Marquet will take samples through skin biopsies and children’s hair samples.

“Practically speaking, we can reprogram the harvested cells drawn from defined lineages,” he says, “and so obtain living neurons and astrocytes [the two main types of brain cells] with the necessary genetic makeup to let us observe certain characteristics—or phenotypes—of the disease.”

“This allows you to consider the hypothesis that some phenotypes are already found in vitro in the neuronal network, or at the neuron level itself,” says Marquet.

Incredibly, Marquet can do this analysis in a petri dish, using “digital holographic microscopy” (DHM). Marquet developed this noninvasive technique to explore the structure and dynamics of neuronal networks at the nanometric scale.

“If you use DHM to compare the neuronal network dynamics of patients and their offspring to a control group, you can extremely accurately explore the different phenotypes related to neuronal dynamics, as well as their underlying mechanisms,” he says. “You can also mimic stressful environments, and evaluate how the neuronal network reorganizes itself and adapts. From this, we can address, at a cellular level, the question of vulnerability or resilience to stress. And stress is a significant factor in the aggravation or relapse of a psychiatric illness.”

Marquet explains he will not be medicating identified offspring with classical psychotropic drugs.

“We are absolutely not going to give antipsychotic drugs to children,” he says. “Other than the fact that this practice could lead to their stigmatization, it also raises many ethical issues.”

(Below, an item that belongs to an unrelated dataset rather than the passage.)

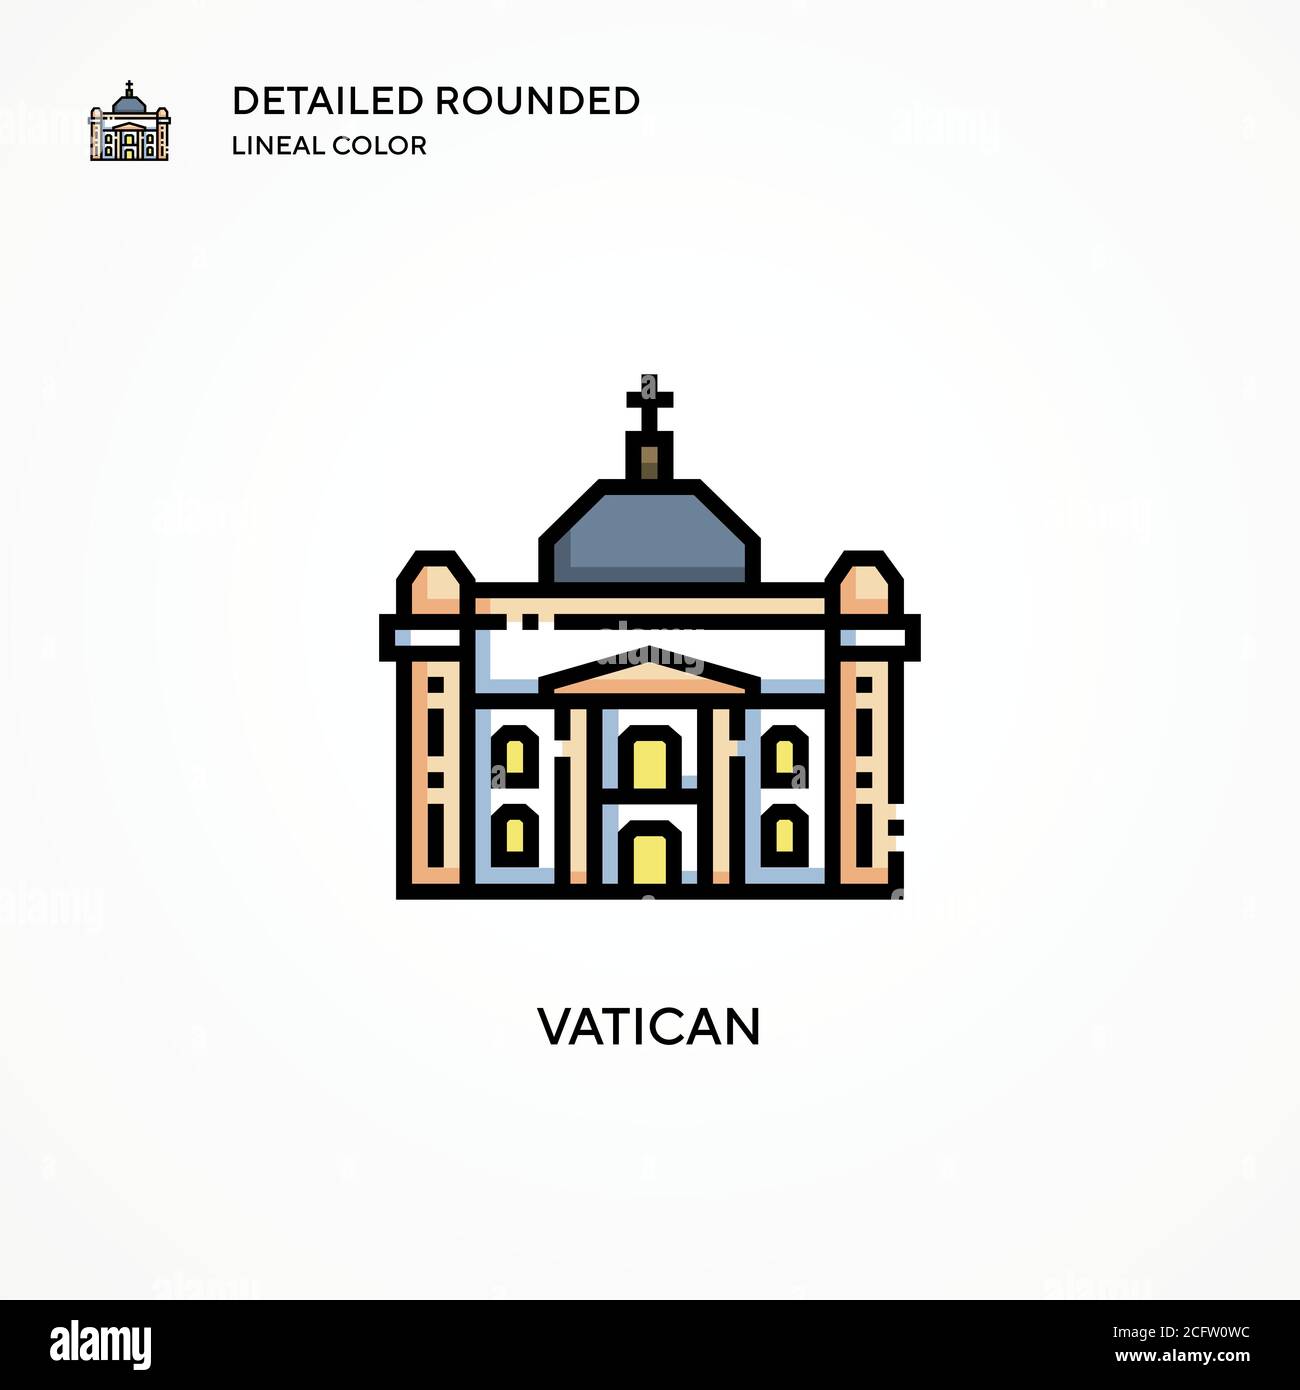 Vatican vector icon. Modern vector illustration concepts. Easy to edit and customize. Stock Vector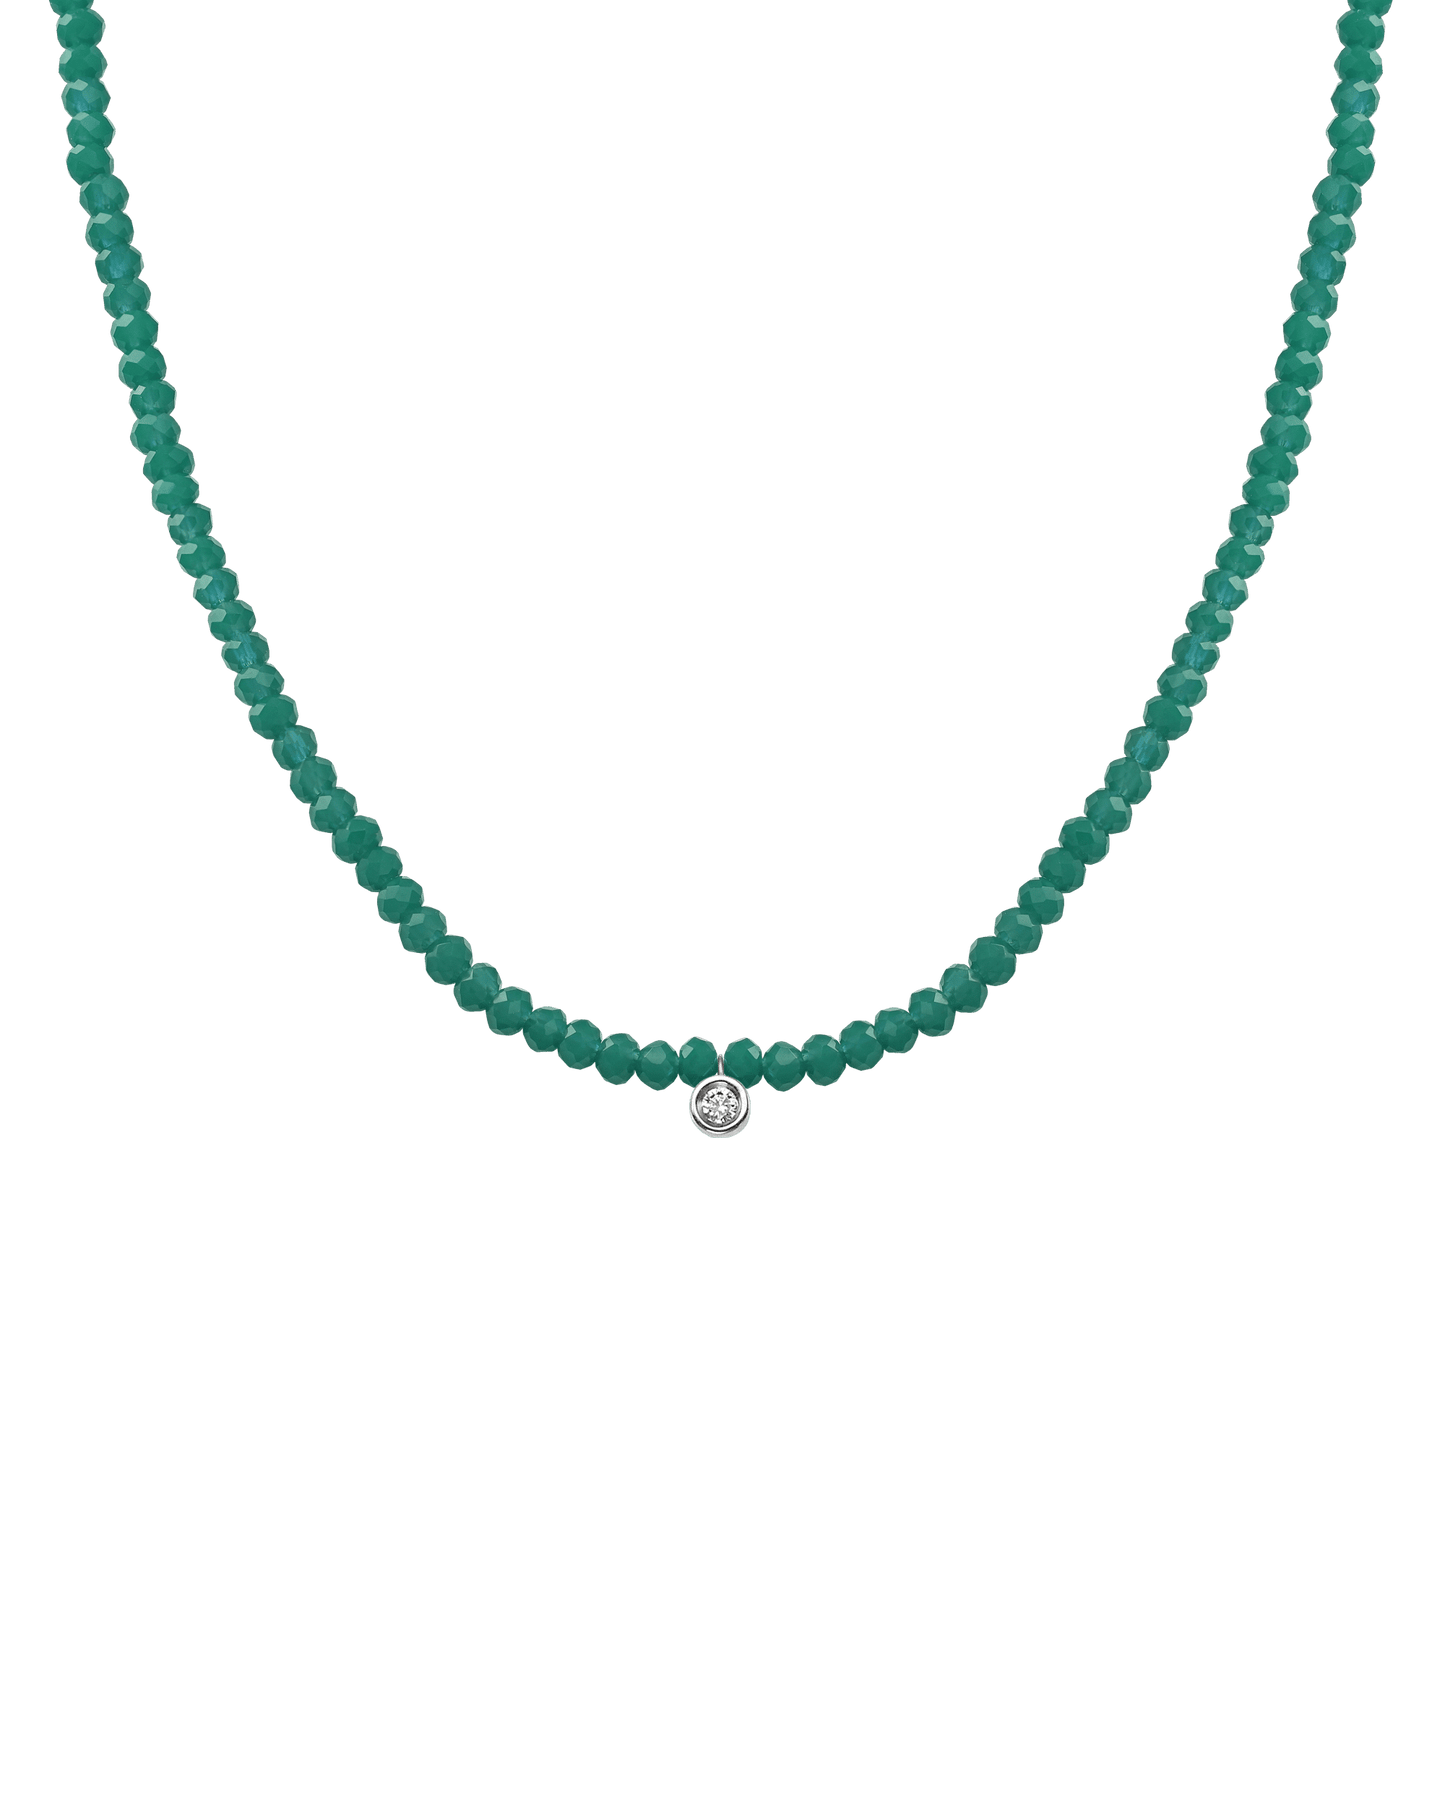 The Gemstone & Diamond Necklace - 14K White Gold Necklaces 14K Solid Gold Natural Emerald Small: 0.03ct 14"

“Our first task is to detect young children at risk by identifying a set of biomarkers of vulnerability that identify a trajectory of risk. We will then try to normalize some of the biomarkers of vulnerability in order to curb the trajectory of risk—particularly, using psychological or psychotherapeutic interventions that will also help these children cope with their everyday problems,” he says.

“Ideally, these interventions would help prevent the development of the psychiatric illness in its most disabling forms,” says Marquet. “Ultimately, considering the amazing plasticity of the brain during childhood, there is even hope that advances in this research will help lead to early interventions meant to cure.”